How commissioning supports our strategy ambitions
We have set out some principles that guide how we approach the task of commissioning social care provision. Commissioning is simply a business process, through which needs are assessed, responses planned, and the required services are contracted or arranged, and later evaluated.
With such significant demand for social care services in Dorset, it’s important that we get this planning process right. We will face our financial challenges by being ambitious and creative in the way we shape future services. The social care system doesn’t work in isolation. We will develop strong partnerships to ensure that we commission the right joined-up support.
We will:
- commission with the NHS and other statutory bodies
- involve the community and community-based organisations in shaping our plans and services
- work with the social care provider market as partners, as well as through contractual relationships
- develop partnerships that focus on ‘place’, shaping services to local needs
- develop strategic partnerships that focus on a shared understanding of our challenges and the possible solutions
We will commission services that are flexible, adaptive and responsive to local community needs, recognising that needs change over time. We will involve people – foremost, the people who need our support, and their carers – in the development of support, using a coproduction approach.
We will strive to share power, working together, ensuring everyone is involved; We will understand co-production as widely as possible: fundamentally about involving those who benefit from our services, but also wider communities, community organisations, independent providers and statutory partners.
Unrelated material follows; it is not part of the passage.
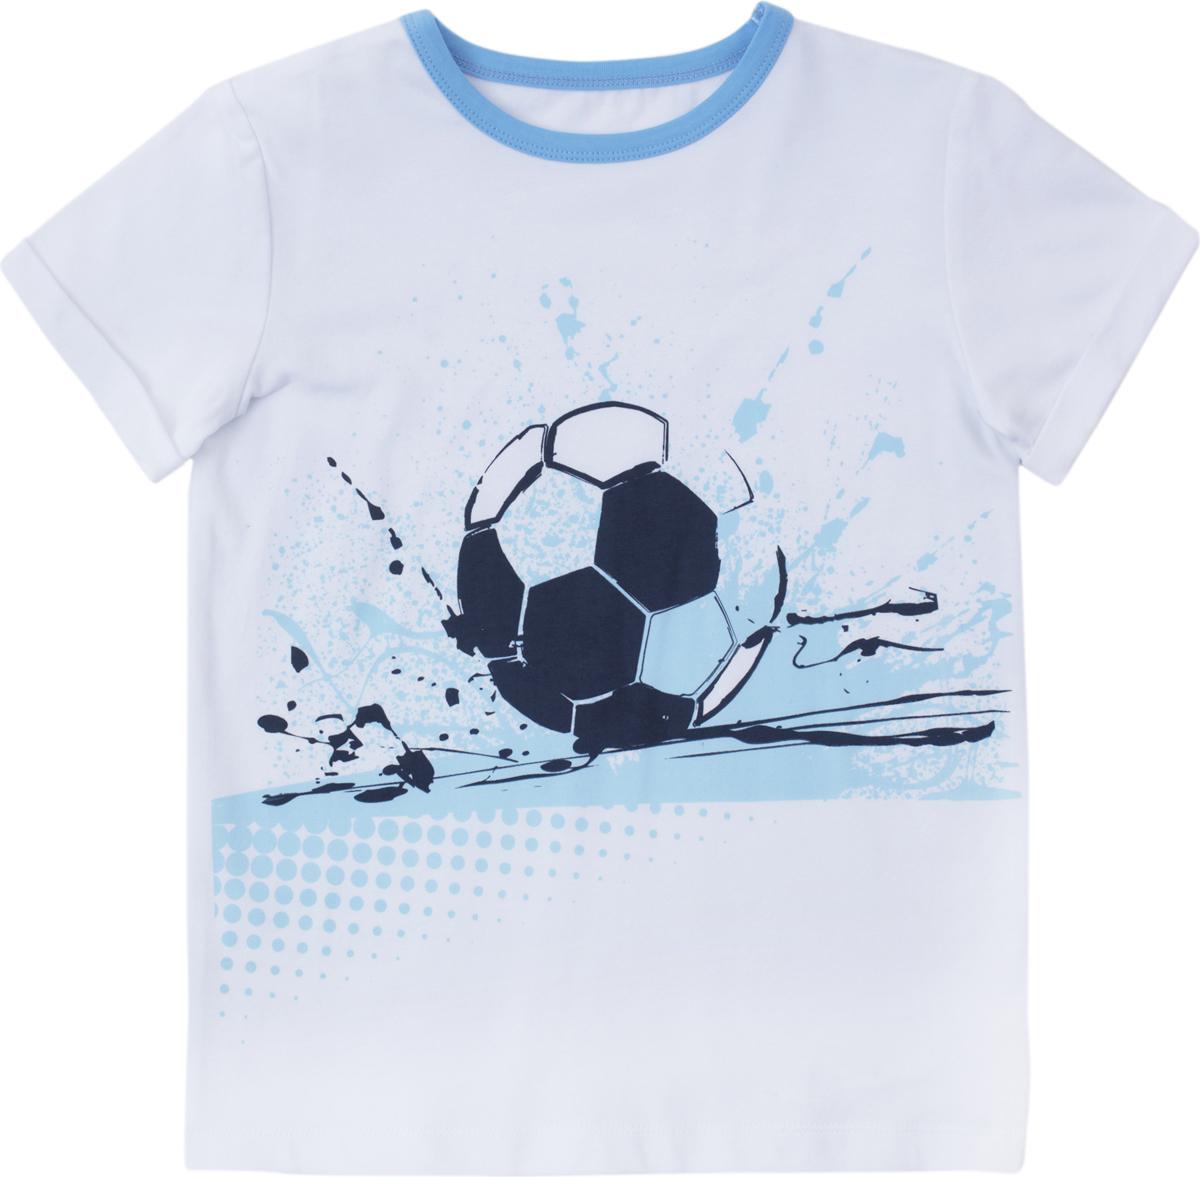 Футболка для мальчика PlayToday, цвет: голубой, белый, синий. 181019. Размер 116181019Футболка с коротким рукавом. Аккуратные швы не вызывают раздражений. Горловина модели на мягкой трикотажной резинке. Футболка дополнена ярким принтом.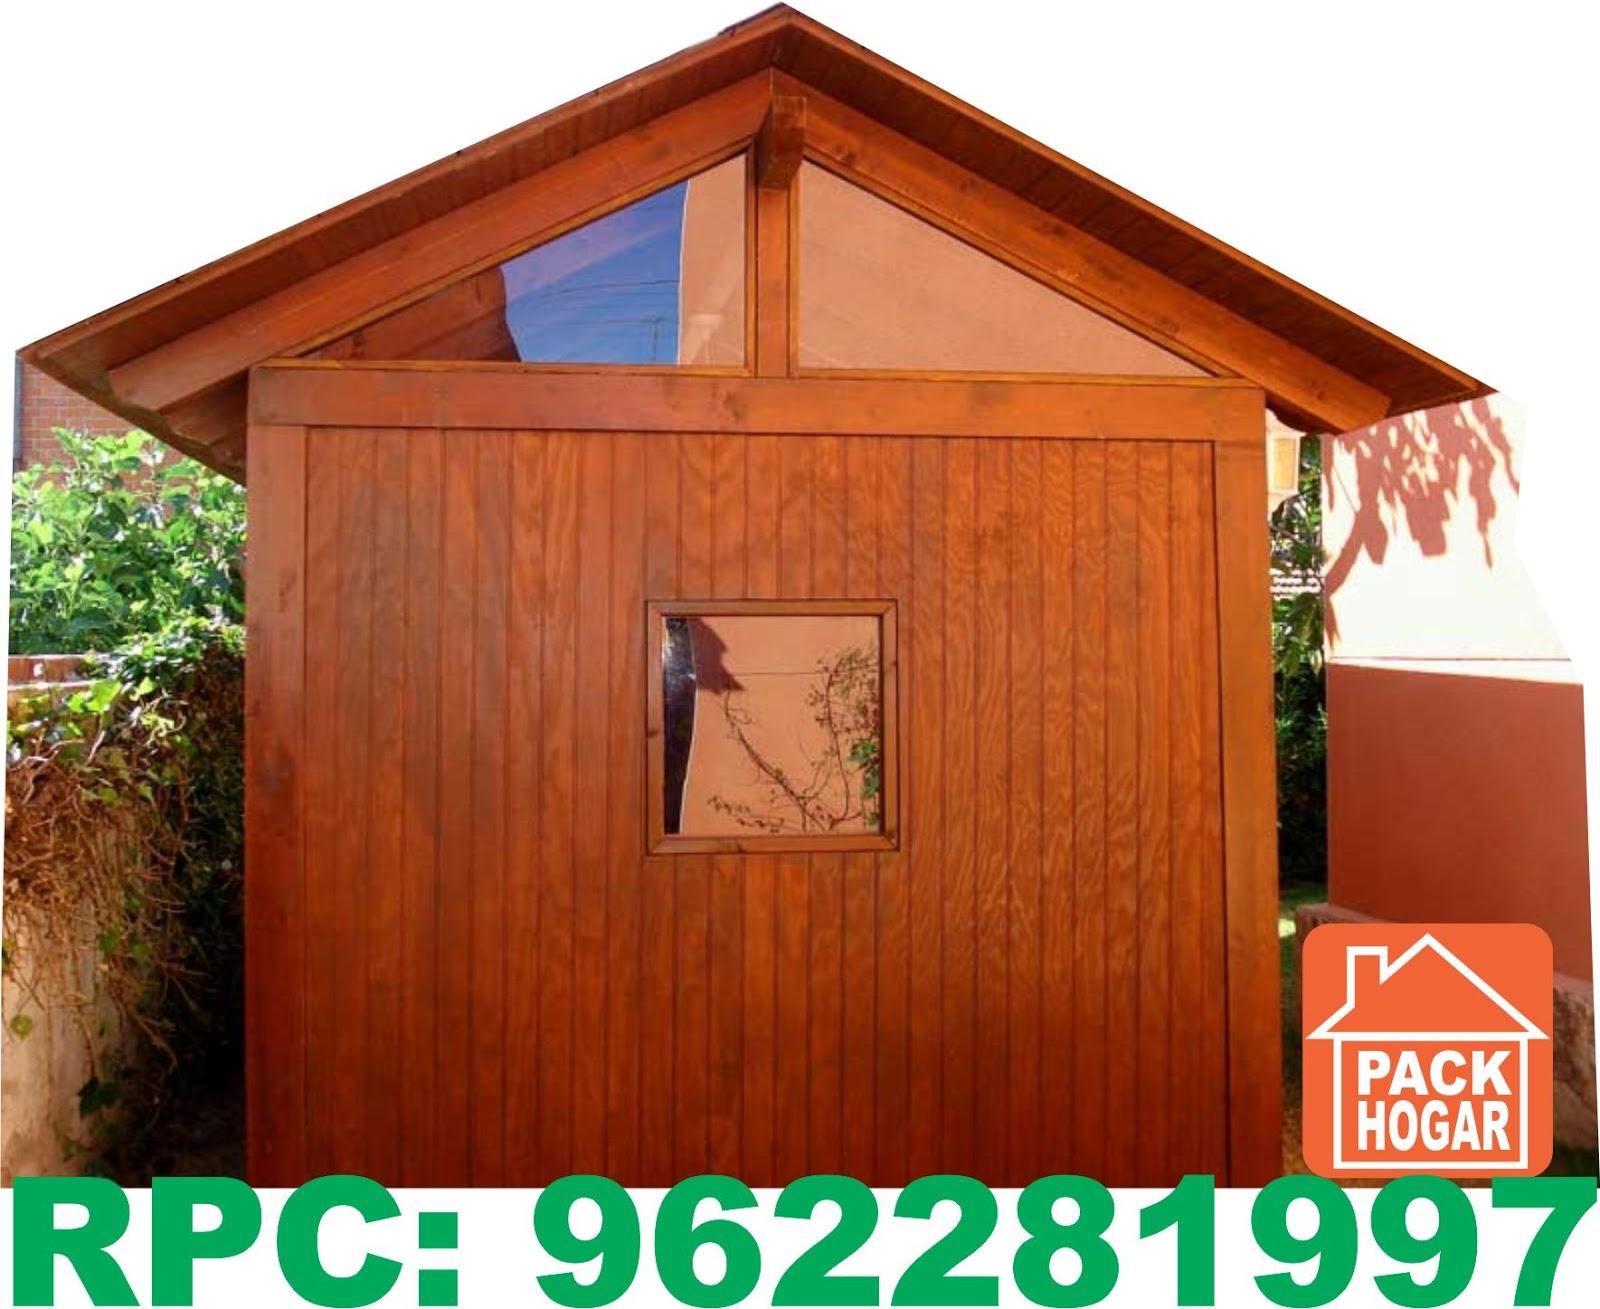 Casetas cuartos habitables prefabricadas de madera lima for Casetas aluminio para terrazas

We will deliver great outcomes through strengths-based commissioning, building a support system that makes the best use of the strengths and assets of our communities and people.
For this we will develop a detailed understanding of the actual strengths and needs of adults within the local place at both an individual and population level, alongside risks and opportunities, and work with people and organisations to design and invest in different forms of services and support. We set out these principles in our Commissioning Intentions, published and shared for comment in February 2021.